For many Union College students, finding ways to make Union a home keeps them coming back each year to graduate. But for Nathan Huggins, finding a place like home is what brought him to Union.
Stationed at Offutt Air Force Base in Omaha, Nathan wanted to spend the Sabbath hours with people who shared his new faith. He had recently started attending an Omaha area Adventist church, but his search for a Friday evening vespers service led him to make the drive to Lincoln.
Looking for the service, he wandered into the Ortner Center. “I ended up meeting Crista Nazario, an IRR student who was working at the desk,” he explained. “It was funny because her family planned to go see the Glass Cathedral near Omaha. Even though we just met, she basically invited me to go with them. I hung out with them that whole night and then later kept going back to their house.”

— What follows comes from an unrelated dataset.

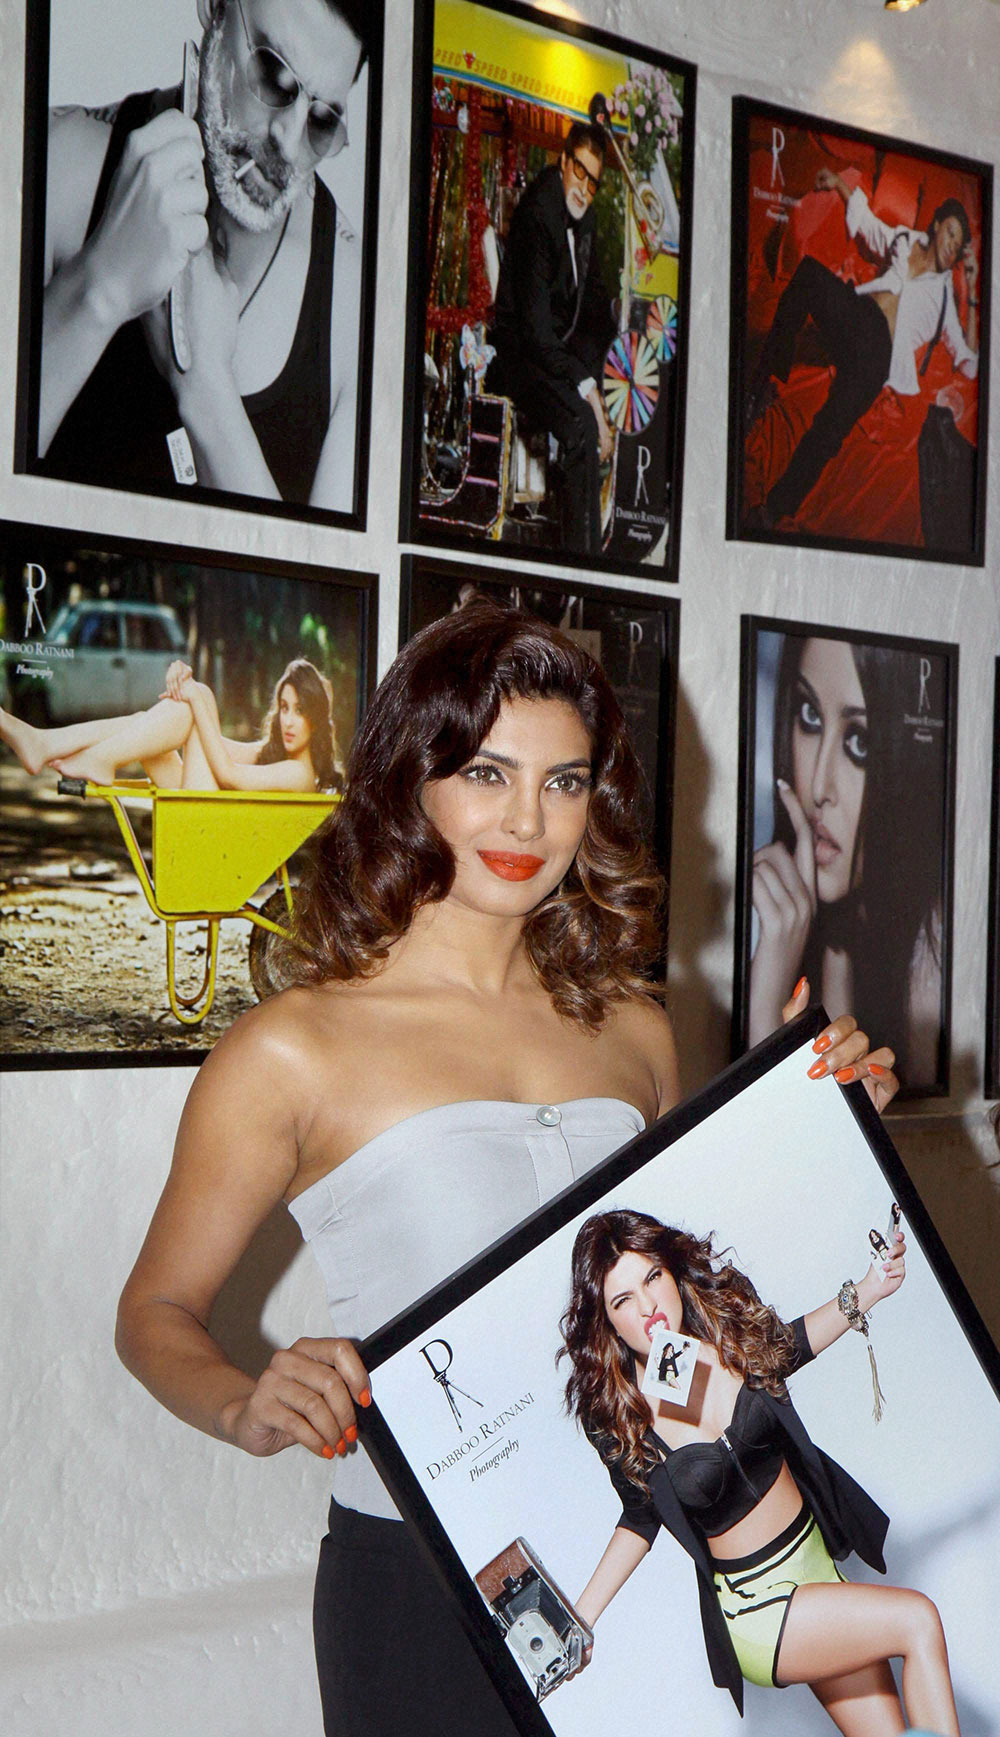 मुंबई : बांद्रा के ओलिव में फोटोग्राफर डब्बू रतनानी के कैलेंडर 2014 की लांचिंग के दौरान अभिनेत्री प्रियंका चोपड़ा। (फोटो सौजन्य : डीएनए)

Huggins ended up enrolling at Union 14 months later and has continued to maintain a close relationship with the Nazarios. “They’re kind of like parents to me,” said the senior International Rescue and Relief major. “Just to be able to talk to people outside of school and get advice is really helpful. I hardly ever get to go home to see family, so having someone to visit and a house to goto is really nice. It’s something that I think everybody needs.”
Steve Nazario, director of visual communication at Union, and his family are notorious for welcoming students into their home. They are one of many Union employees who go out of their way to help students feel comfortable. “With Steve, it’s like family,” said Caleb White, junior theology major. “Their place is basically a home away from home.”

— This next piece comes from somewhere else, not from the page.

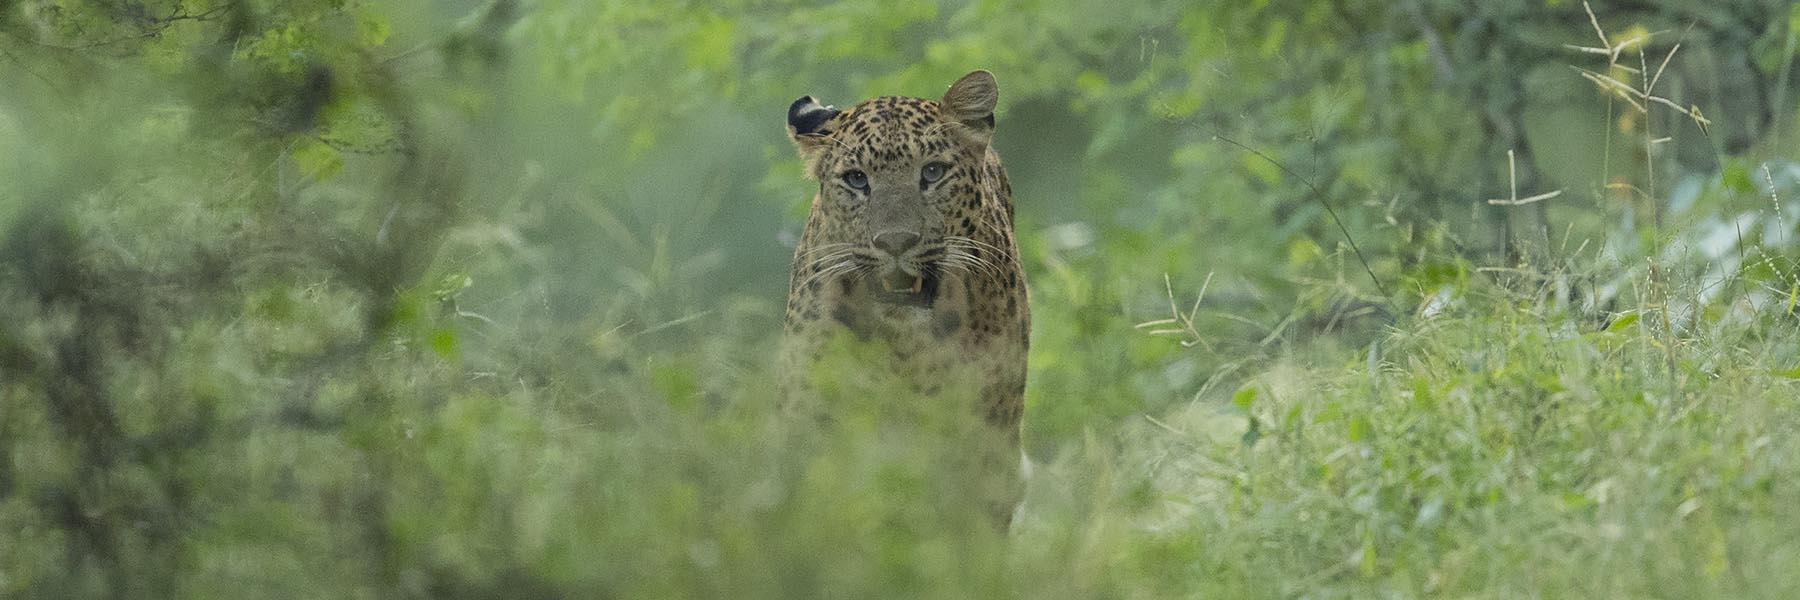 Jaipur Jhalana Safari Park

Many staff find it fulfilling to entertain students and see it as a part of their Union experience. “The joy of being at Union College is the interaction with students,” said Sharon Russell, conference and guest services coordinator. “It’s important for them to feel welcomed.”
Russell believes generosity to others is a calling from God. “One Sabbath morning, after we moved to Lincoln, my husband, Dr. Russell, had gone for a bike ride with Dr. Smith, then Union’s president,” she recounted. “When we were about to leave for Sabbath School he said he had invited the Smiths over for lunch. I simply lost it because he hadn’t asked first and we were just going to have FriChik for lunch. It was a no-no in our house to not go to Sabbath School, so we left anyway and I couldn’t plan anything more. Cherie, Dr. Smith’s wife, gave the sermon that day and it was all about hospitality and opening your home with what you had. That was quite a clear message from God.”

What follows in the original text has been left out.